Data extracts:
-- -- --

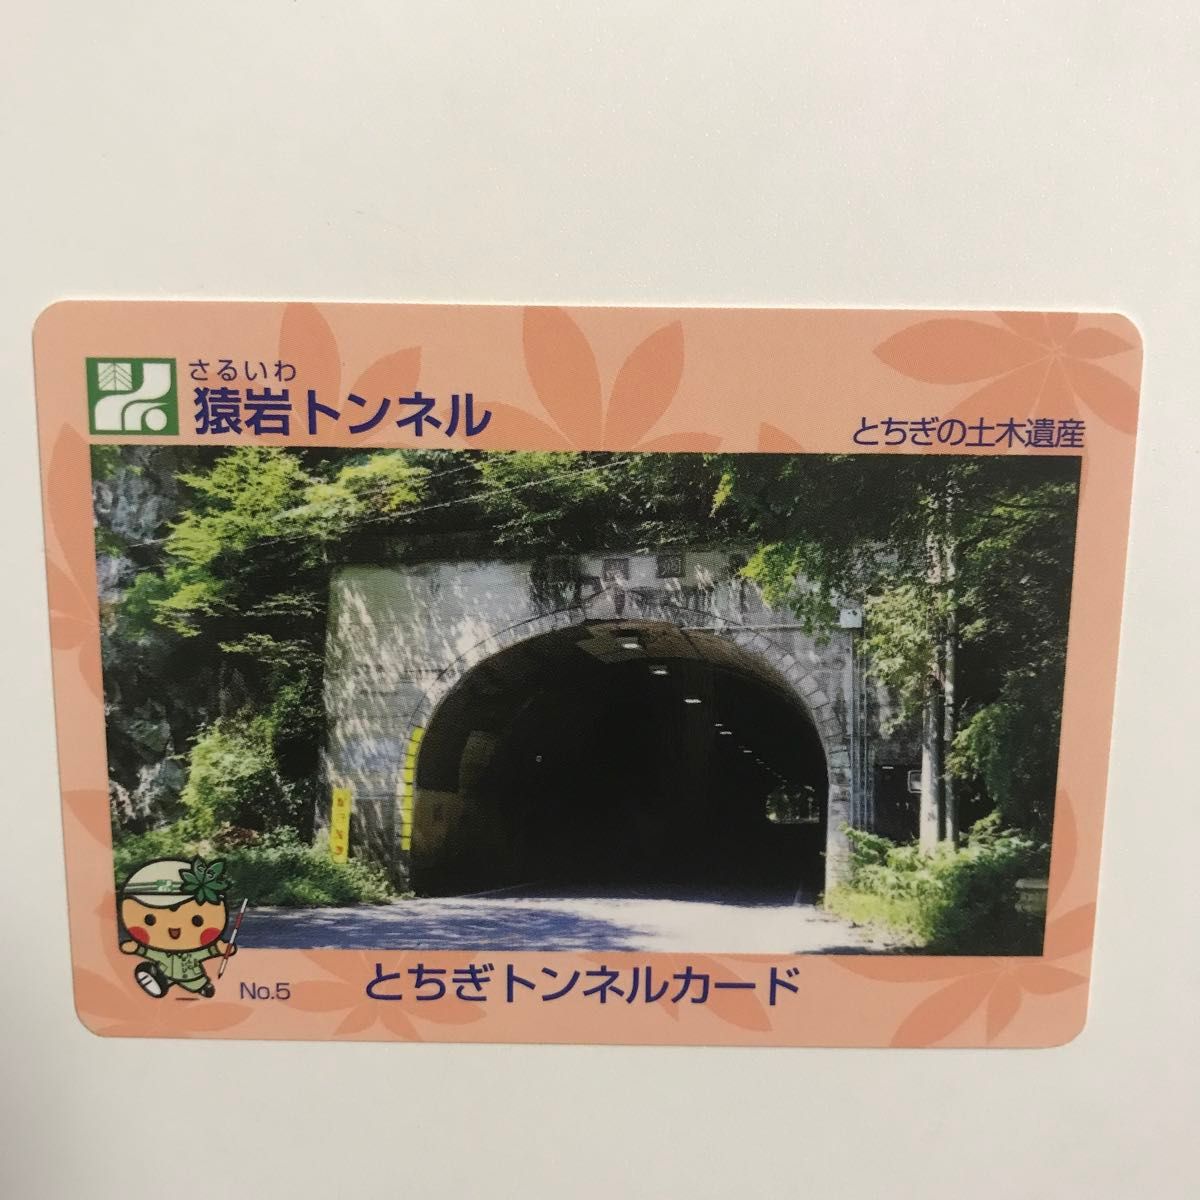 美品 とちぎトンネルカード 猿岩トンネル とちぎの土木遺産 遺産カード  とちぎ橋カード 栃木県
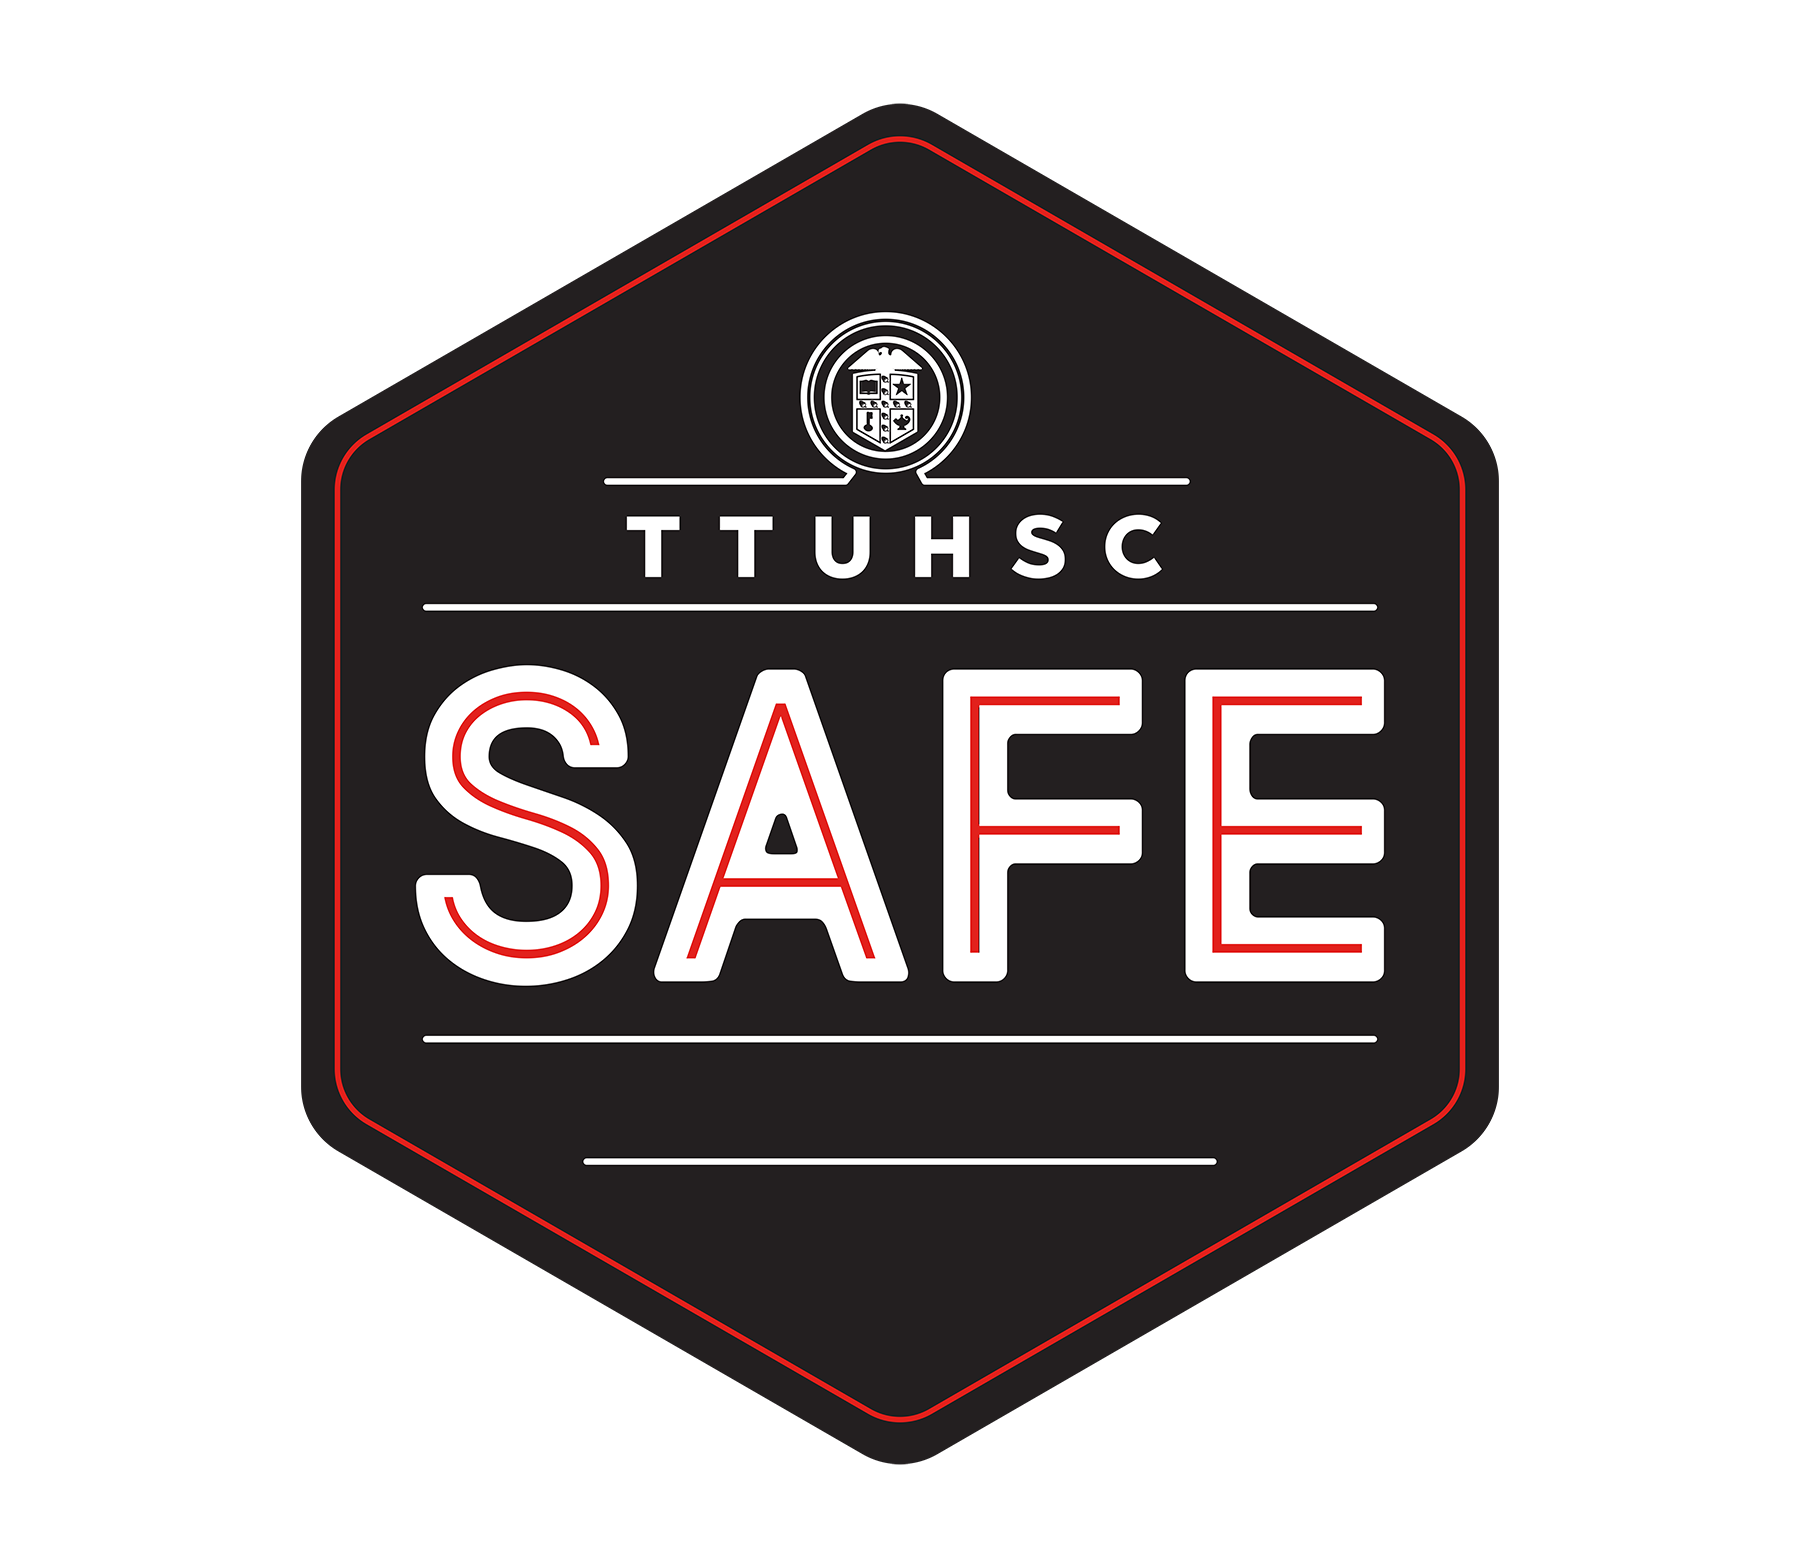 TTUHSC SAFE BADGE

-- -- --

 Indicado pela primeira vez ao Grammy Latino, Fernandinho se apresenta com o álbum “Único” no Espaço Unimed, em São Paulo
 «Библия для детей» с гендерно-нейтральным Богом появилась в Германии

-- -- --

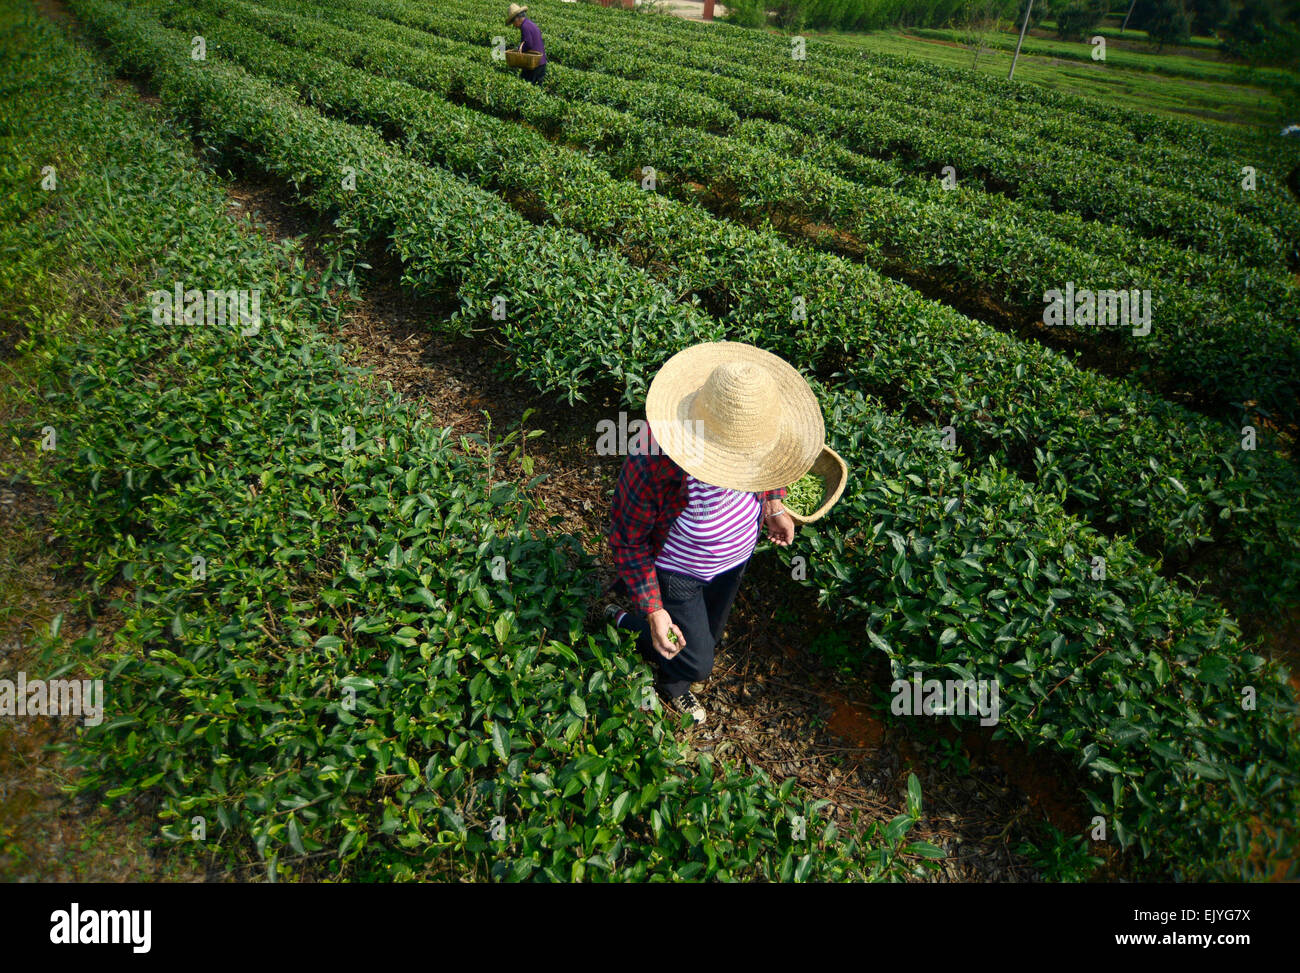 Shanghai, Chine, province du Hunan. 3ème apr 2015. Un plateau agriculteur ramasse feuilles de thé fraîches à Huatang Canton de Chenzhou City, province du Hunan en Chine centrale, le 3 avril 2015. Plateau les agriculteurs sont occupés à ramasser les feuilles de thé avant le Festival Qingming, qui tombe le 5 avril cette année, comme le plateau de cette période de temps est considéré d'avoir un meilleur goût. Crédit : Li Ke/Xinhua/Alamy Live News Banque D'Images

-- -- --

About this exercise: From the entries above, write out only the lines starting at the line that holds "Indicado pela primeira" and ending at the line that holds "Богом появилась в Германии", keeping both and matching them exactly.

Response area:
 Indicado pela primeira vez ao Grammy Latino, Fernandinho se apresenta com o álbum “Único” no Espaço Unimed, em São Paulo
 «Библия для детей» с гендерно-нейтральным Богом появилась в Германии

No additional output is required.